I’d say he’s gone too far this time, but of course he hasn’t. For Donald Trump there is no such thing as “too far.”
I really had planned on giving US politics a rest in this space for a couple of weeks, but some things can’t go unchallenged, and one of those things is Trump’s contention that this fall’s presidential election is “rigged” so that he will lose to Hillary Clinton.
As a political scientist and strategist I am no fan of the American system. In the founding fathers’ desire to repudiate all things British they brought in a system that is nowhere near as good as the one they threw out. But it has worked for more than 200 years, which even I will admit is pretty impressive.
No electoral system is perfect, and there is bound to be fraud in all of them from time to time. That has less to do with the system and more to do with fallen humans being involved. I may have some concern about how votes were counted in Florida in the 2000 presidential election, but I can’t prove anything illegal actually took place. (Don’t ask me about the morality of a system controlled by the brother of one of the candidates, that’s another matter entirely. If you ask me about my experience with vote rigging I might make that the subject of a future post.)

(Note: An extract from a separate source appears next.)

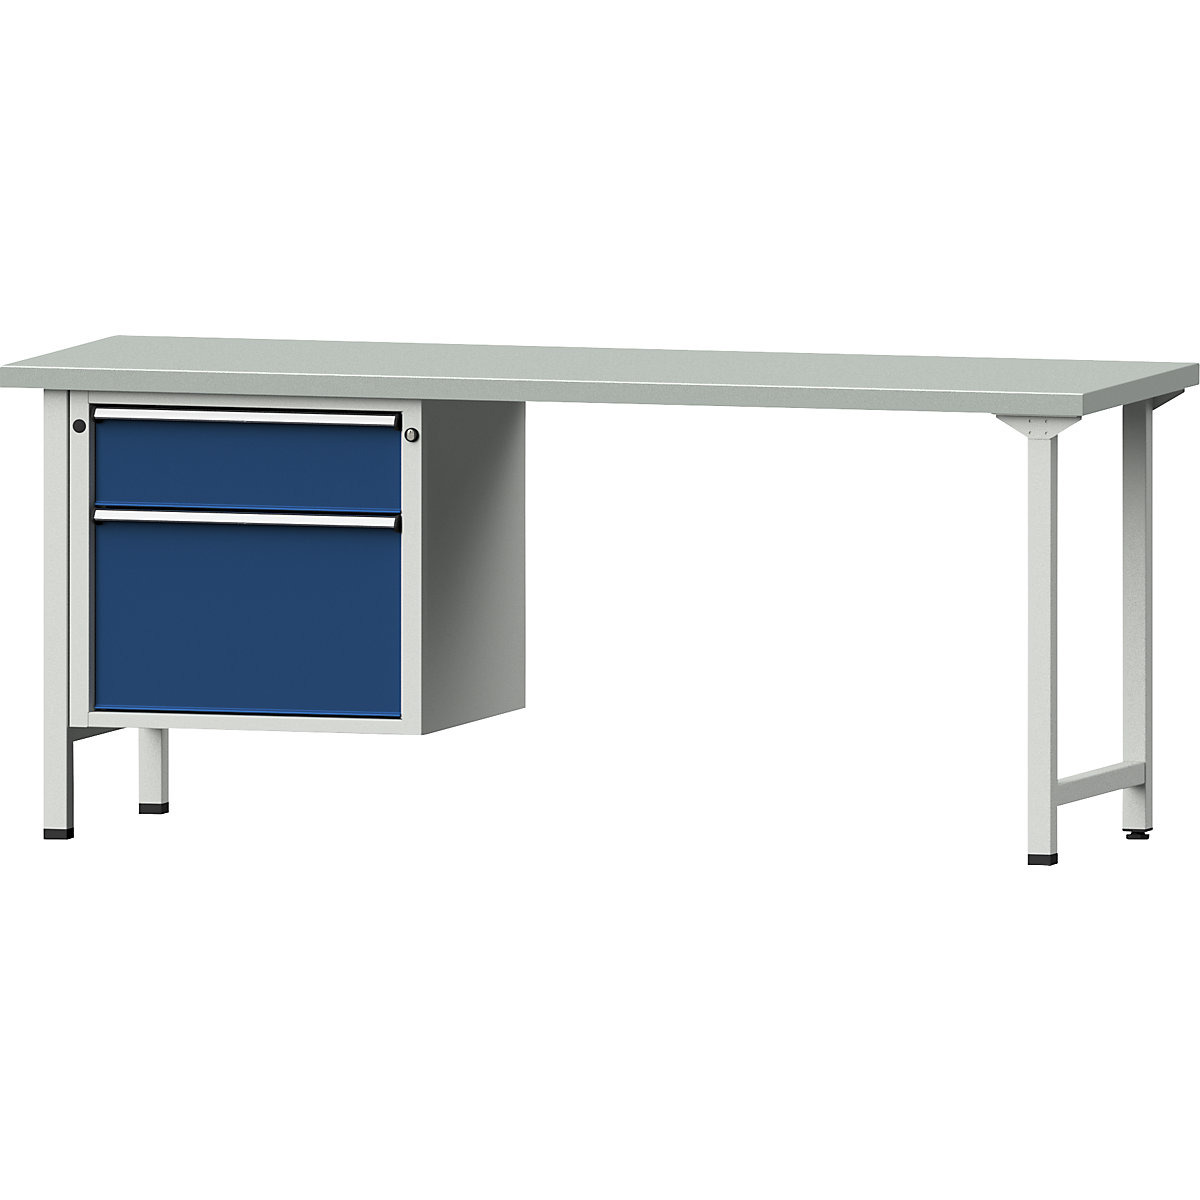 Dílenský stůl s rámovou konstrukcí – ANKE, 2 zásuvky, deska s potahem z ocelového plechu, šířka 2000 mm-8

So when Trump, ahead of Hillary Clinton in many polls, starts talking about how the system is rigged against him, I have to wonder. Especially when he offers no proof. This doesn’t sound like the musings of a candidate for a major party in a democracy but rather like some third-world loser.

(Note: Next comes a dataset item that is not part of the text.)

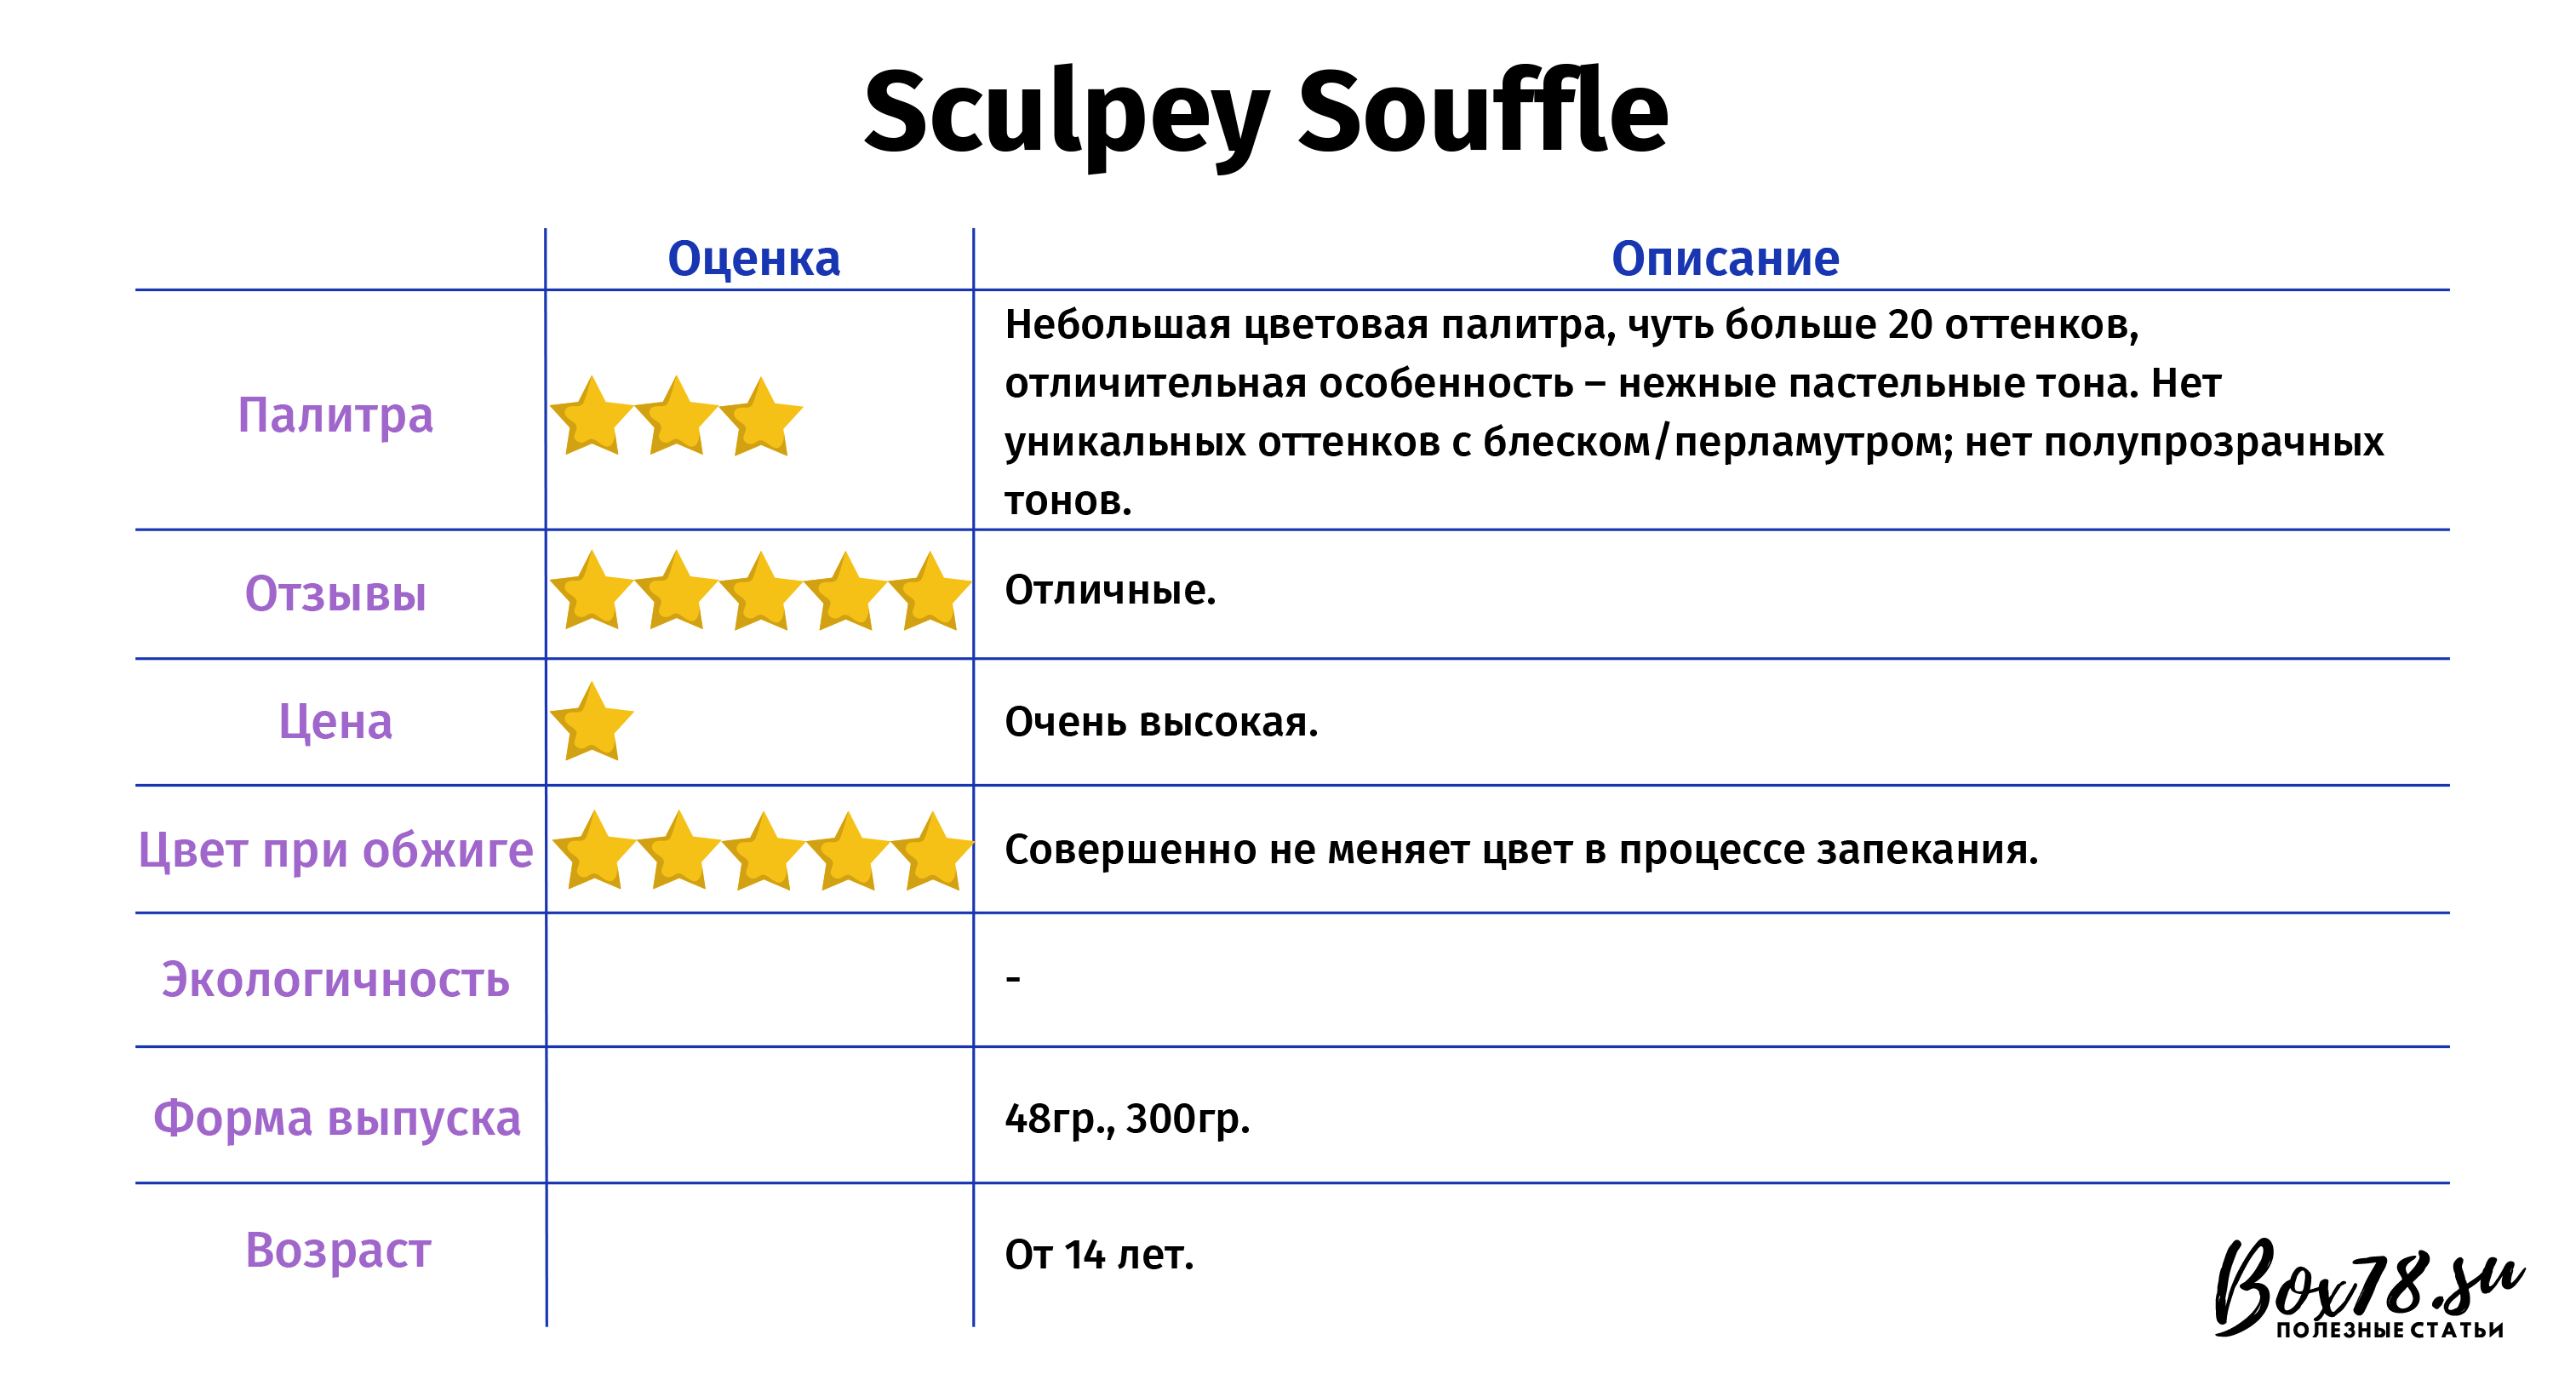 Sculpey Souffle.jpg

Come to think of it, didn’t he say similar things during the primary process? Yet he won that handily despite being a less than ideal choice in the eyes of the Republican brass. Has he realized he has peaked? Has he convinced himself he can’t convince the American people of the rightness of his cause and his party? Has he suddenly realized that the system will allow him to receive a majority of votes and still lose, as the president is elected not be the people but by the Electoral College?
Several years back I had a conversation with now-retired Canadian Member of Parliament Peter Goldring. As part of his duties he was an official observer at elections in Haiti, Georgia, Azerbaijan and (half a dozen times or more) in Ukraine.

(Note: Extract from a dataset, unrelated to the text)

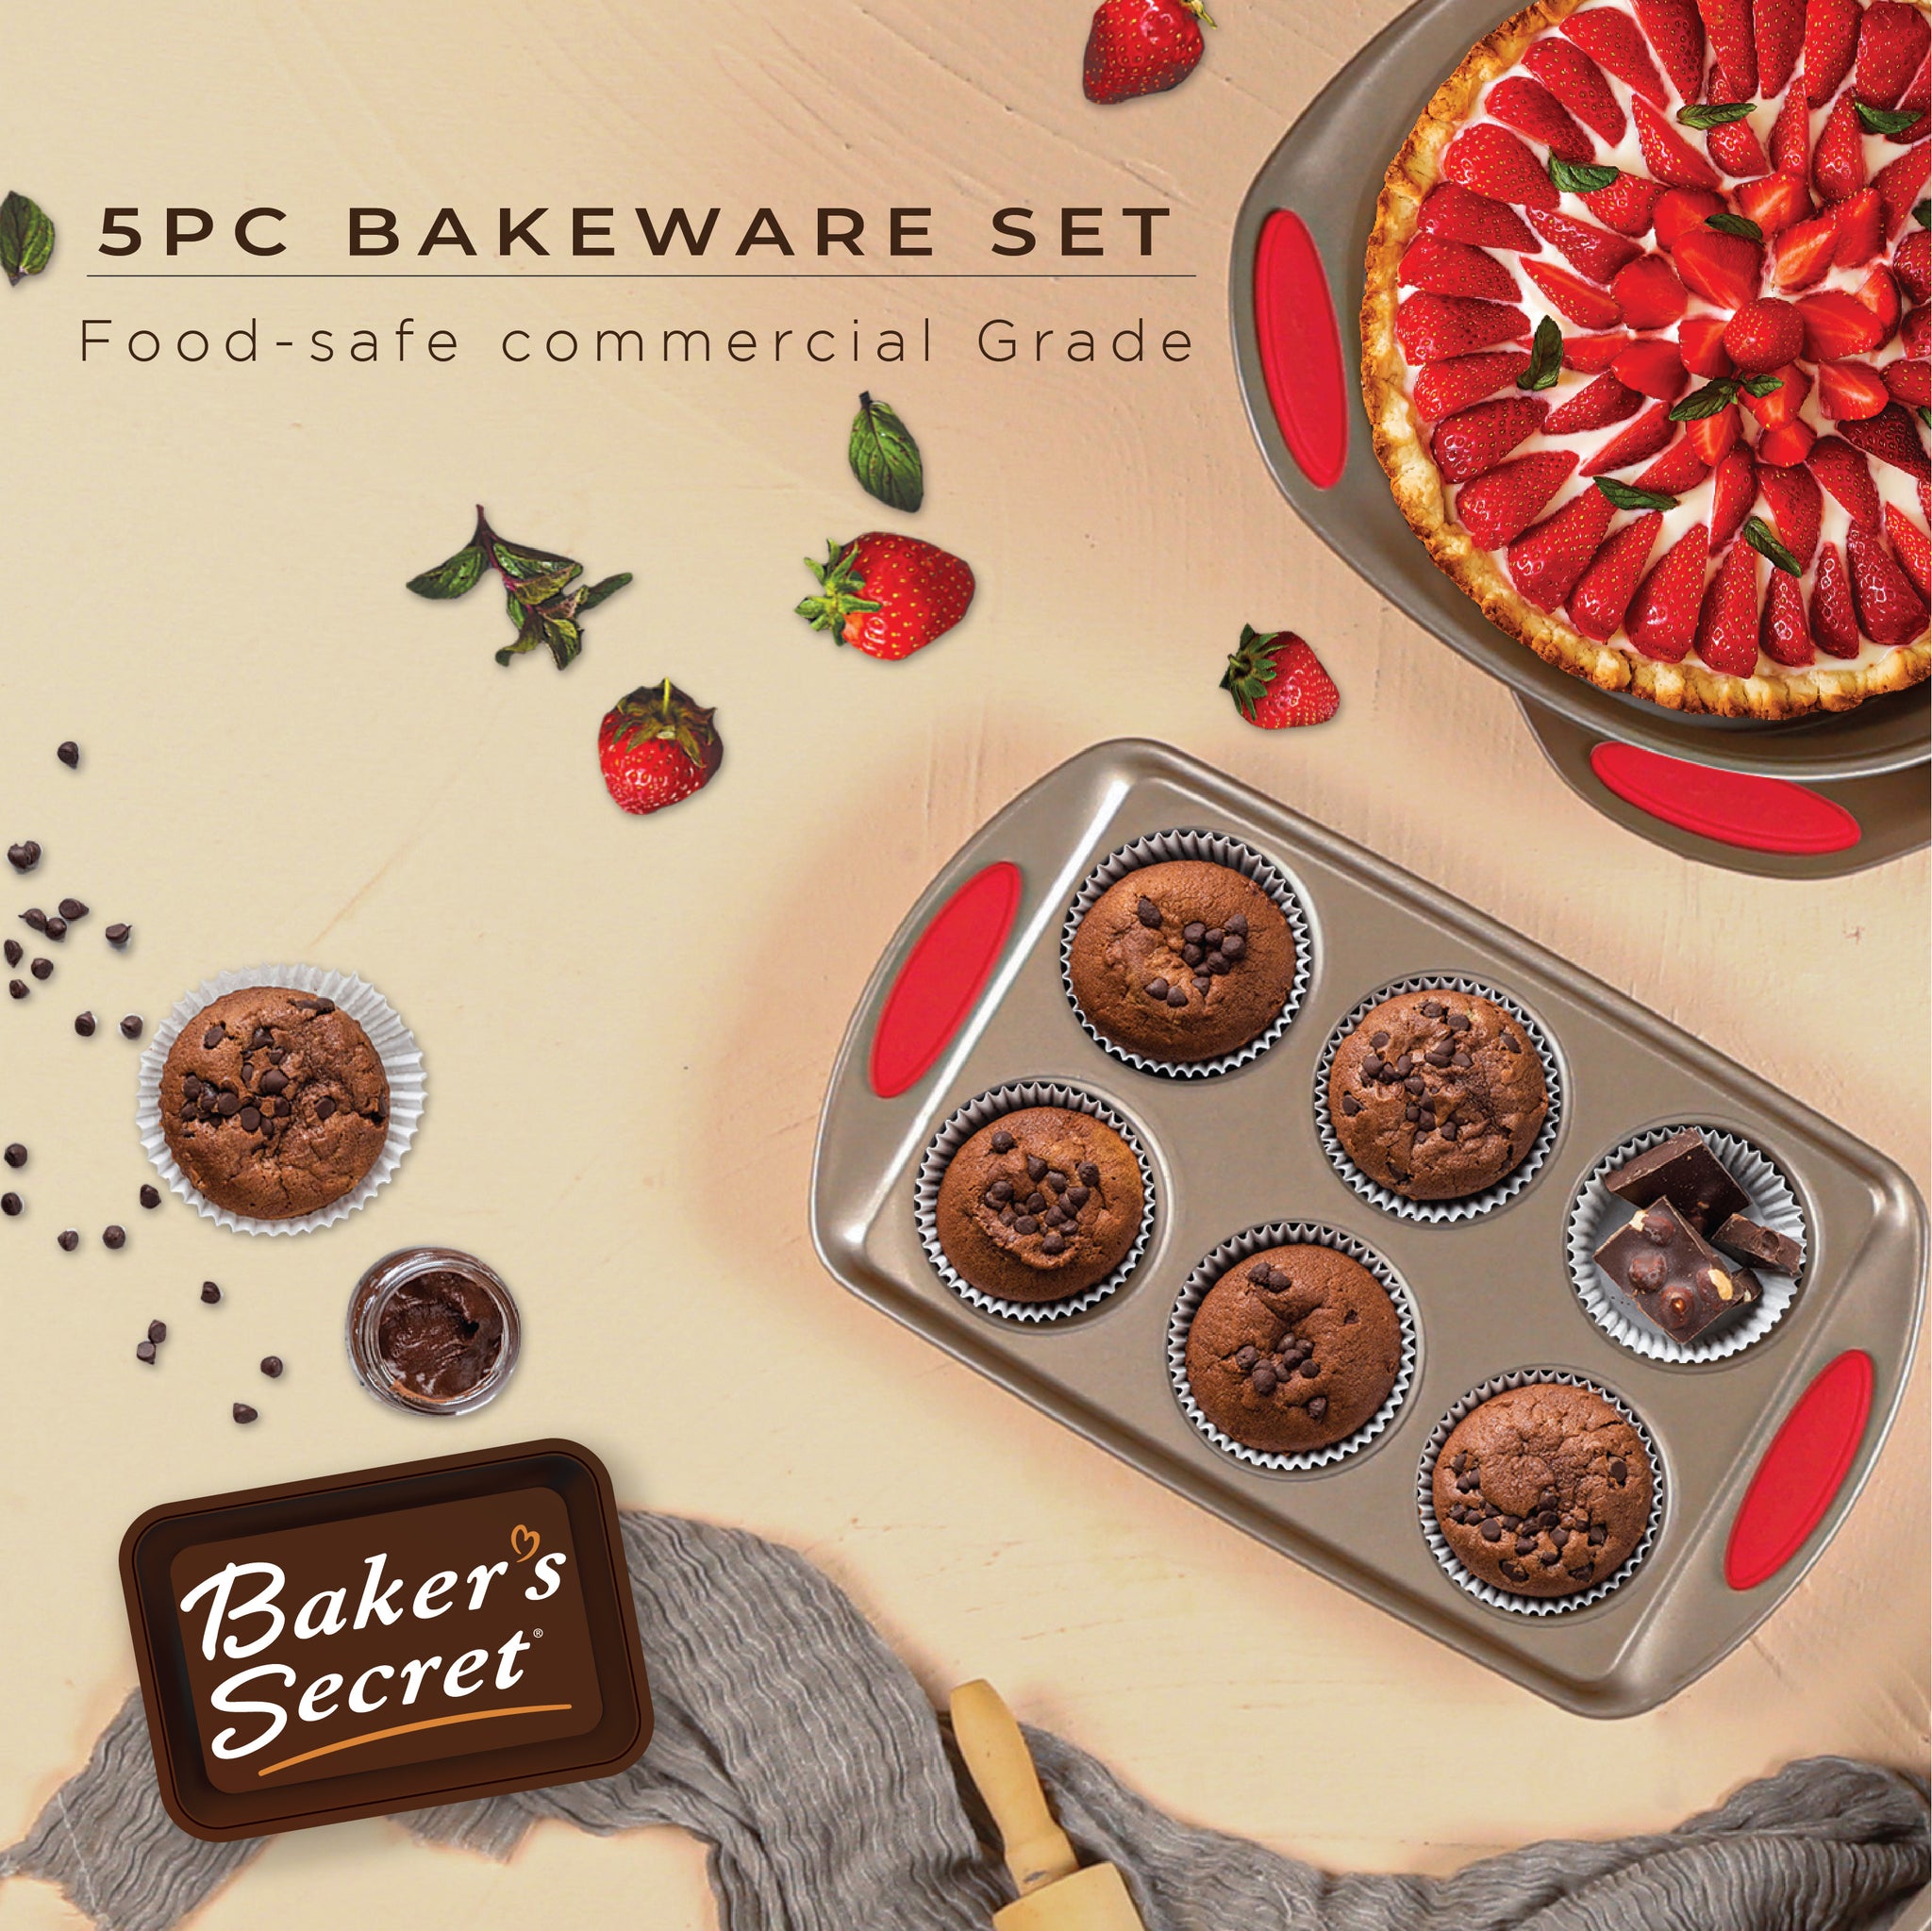 Baker's Secret Bakeware

His observation, which probably wasn’t original, was that you could judge the health of a democracy by how the politicians and people reacted when they lost. The peaceful transition of power is essential.
Goldring said that in Ukraine the parties budgeted for the post-vote demonstrations protesting the outcome. Rather than spending all their funds on the campaign, they had money set aside to fund the rallies meant to expose the results as fraudulent. The idea of a free, fair and democratic election seemed to be a shaky one.
With his vote-rigging charges that seems to be where Trump is now. He already promised blood in the streets should he be denied the Republican nomination. That was when his opponents were looking for legitimate ways to find an alternative candidate for a nomination that was not yet settled. They failed – but they were within their rights to try; the rules allowed it.
With his assertions it appears Trump has missed the point. The election is not a coronation. And, perhaps surprisingly to him, not everyone thinks he is the best choice as the next American president. He might not win in November.
But in the absence of evidence, claims of vote-rigging before the first ballot has been cast just sounds like the whining of a loser.